Moving on to the pupils, Dr Aki K. Kawasaki provides her thoughtful and clearly delineated approach to the evaluation and diagnosis of disorders of pupillary function. In the final review article of this issue, Dr Sashank Prasad provides a remarkably thorough review—illustrated with carefully chosen examples grouped at the end of the article—of the various diagnostic neuroimaging findings that may be seen in the many neuro-ophthalmic disorders we can encounter in our daily neurologic practices.
In this issue’s Ethical Perspectives section, Dr Aimee J. Szewka, along with Dr Nancy Newman, dissect the ethical issues that arise when discovering incidental visual field loss and its potential impact on a patient’s fitness for driving, including issues related to reporting. In this issue’s Practice section, Dr Michael Wall provides a practical discussion of formal visual field testing and the critical importance of serial perimetry in monitoring patients with idiopathic intracranial hypertension and in assisting in communication between providers. Finally, Dr Benjamin M. Frishberg uses several illustrative case examples as springboards to review special considerations involved in coding for patients with neuro-ophthalmic disorders, a discussion of relevance to any neurologist seeing patients with neuro-ophthalmic disease.

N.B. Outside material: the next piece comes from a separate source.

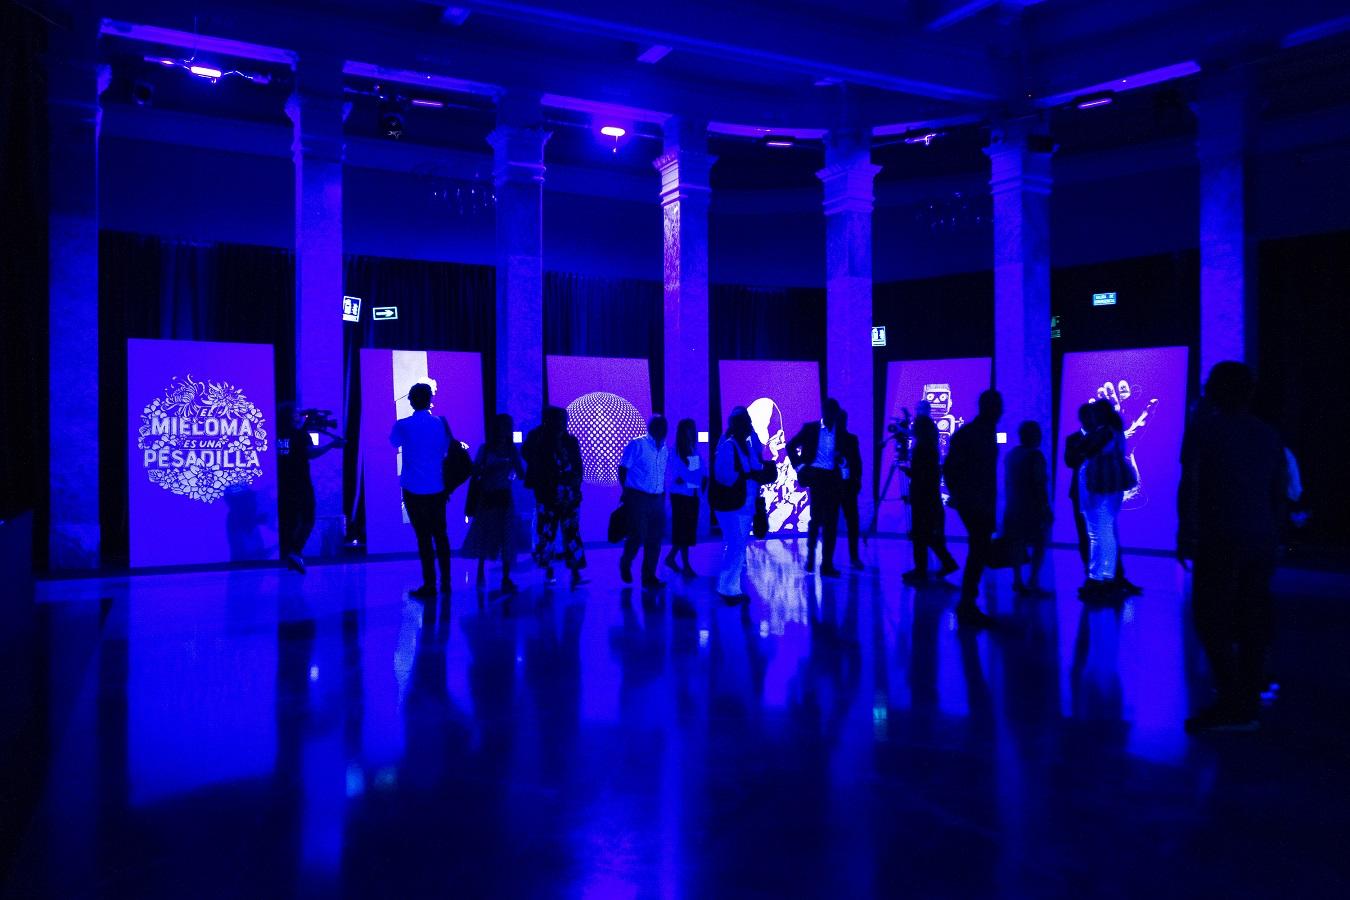 2019-09-05_Día-Mundial-Mieloma-Múltiple_Exposición-LOQUENOVES_2

As with every Continuum issue, a number of opportunities exist for CME. If you need to earn credits specifically approved by the American Board of Psychiatry and Neurology (ABPN) for self-assessment, submit your answers to the multiple-choice questions in the Self-Assessment Pretest that were crafted by Drs Eduardo E. Benarroch and D. Joanne Lynne, before you read the issue; review your results to better tailor your learning needs; and then complete the Postreading CME Test after reading the issue. By doing so you may earn up to 12 AMA PRA Category 1 CME Credits™ toward self-assessment. Alternatively, you may wish to receive credits toward CME only, in which case, reading the issue and submitting the Postreading CME Test will allow you to earn up to 10 AMA PRA Category 1 CME Credits. The Patient Management Problem, expertly crafted by Dr Steven L. Galetta, involves the management of a 27-year-old man presenting with transient grayouts of vision superimposed on a history of headache. By following this case and answering multiple-choice questions corresponding to important pathophysiologic and diagnostic decision points leading to his ultimate—and very instructive—diagnosis, you will have the opportunity to earn up to 2 AMA PRA Category 1 CME Credits.
My sincerest thanks to Dr Rucker for her tireless efforts, as well as for the work of each of the members of her wonderful team of experts, for putting together this tremendously thorough, up-to-date, and highly readable compendium of neuro-ophthalmology. This volume should serve as an amazing resource for all neurologists (whether on our bookshelves, our tablets, or online), covering so much material that will help us provide the most up-to-date and informed management to our many patients with disorders affecting vision or eye movement.